F-Test for Equality of Two Variances

NIST/SEMATECH Section 1.3.5.9 F-Test for Equality of Two Variances

What It Is

The F-test for equality of two variances compares the variances of two independent samples by computing their ratio. Under the null hypothesis of equal population variances, this ratio follows an F-distribution.

When to Use It

Use the F-test when you need to determine whether two independent groups have the same variability. It is often used as a preliminary test before the two-sample t-test to decide whether the pooled or Welch version is appropriate. The test is also important in its own right when comparing the precision of two measurement methods or processes.

How to Interpret

If the computed F-statistic exceeds the critical value from the F-distribution at (nu_1, nu_2) degrees of freedom, reject the null hypothesis of equal variances. For a two-sided test, use both upper and lower critical values, or equivalently, double the one-sided p-value. An F-value close to 1 indicates similar variances, while a large F indicates that one group is much more variable than the other. When the F-test rejects equality of variances, use the Welch t-test instead of the pooled t-test for comparing means.

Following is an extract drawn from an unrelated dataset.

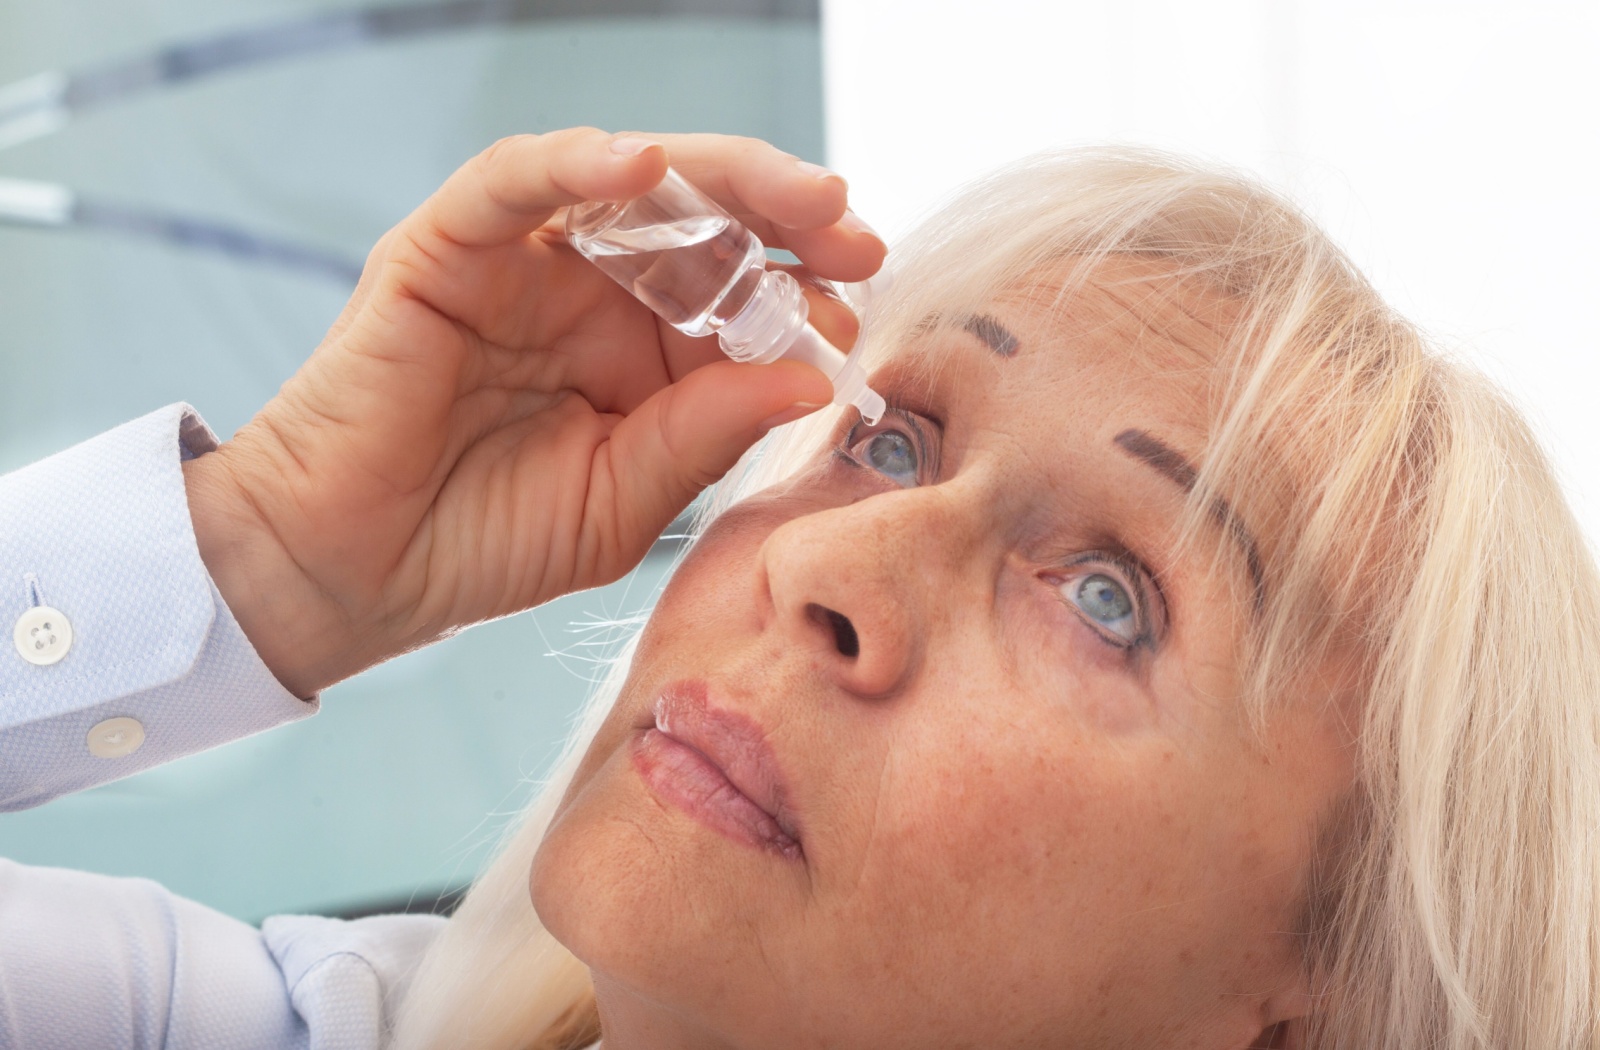 A woman applying eyedrops to alleviate dry eye symptoms.

Assumptions and Limitations

The F-test assumes that both samples come from independent, normally distributed populations. Like the chi-square variance test, it is highly sensitive to non-normality, which can produce misleading results. The Levene test is a more robust alternative when normality cannot be assured.

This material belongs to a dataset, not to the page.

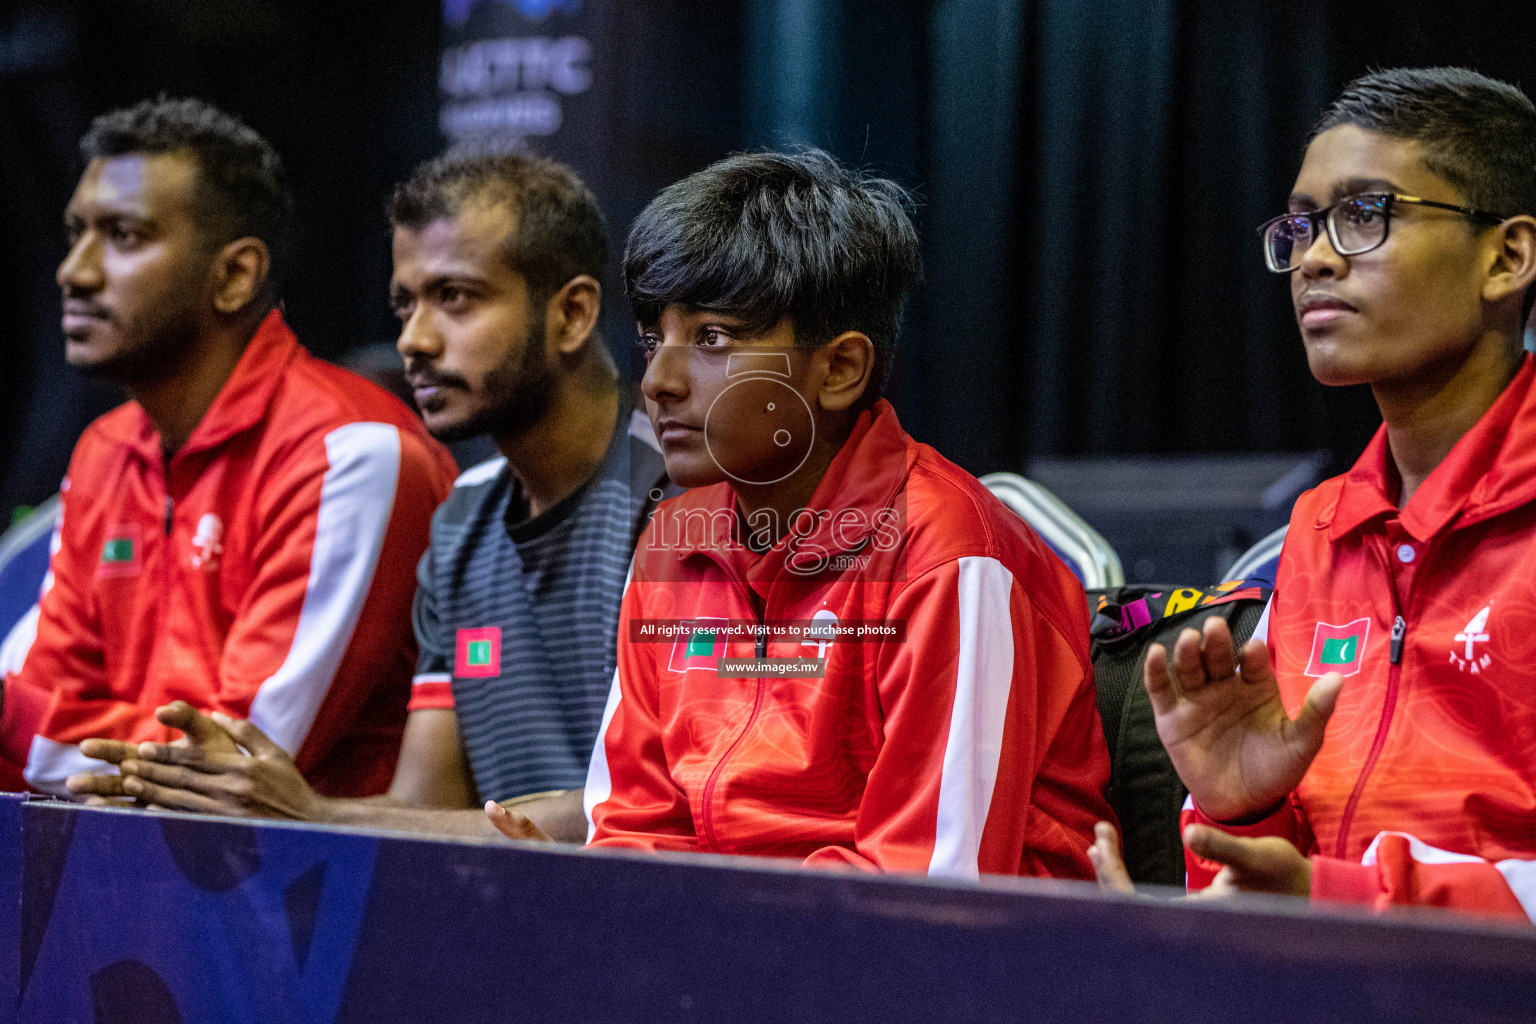 South Asian Junior & Cadet TT Championship Day 1 Male’ Maldives 9th - 11th May 2022, Social Center photos by Nausham Waheed

Reference: NIST/SEMATECH e-Handbook, Section 1.3.5.9

Formulas

F-Statistic

F = \frac{s_1^2}{s_2^2}

The ratio of the two sample variances. The more this ratio deviates from 1, the stronger the evidence for unequal population variances.

Degrees of Freedom

\nu_1 = n_1 - 1, \quad \nu_2 = n_2 - 1

The numerator and denominator degrees of freedom correspond to the sample sizes of the two groups minus one.

Python Example

import numpy as np
from scipy import stats

# Two independent samples
sample1 = np.array([24.5, 23.8, 25.1, 22.9, 24.2, 23.6, 25.0, 24.8])
sample2 = np.array([26.3, 27.1, 25.8, 26.9, 27.5, 26.0, 24.5, 28.1])

# Compute F-statistic
var1 = np.var(sample1, ddof=1)
var2 = np.var(sample2, ddof=1)
f_stat = var1 / var2 if var1 >= var2 else var2 / var1

# Degrees of freedom
df1 = len(sample1) - 1 if var1 >= var2 else len(sample2) - 1
df2 = len(sample2) - 1 if var1 >= var2 else len(sample1) - 1

# Two-sided p-value
p_value = 2 * min(stats.f.sf(f_stat, df1, df2),
                  stats.f.cdf(f_stat, df1, df2))

print(f"Variance 1: {var1:.4f}")
print(f"Variance 2: {var2:.4f}")
print(f"F-statistic: {f_stat:.4f}")
print(f"p-value:     {p_value:.6f}")
print(f"Equal variances (alpha=0.05): {p_value > 0.05}")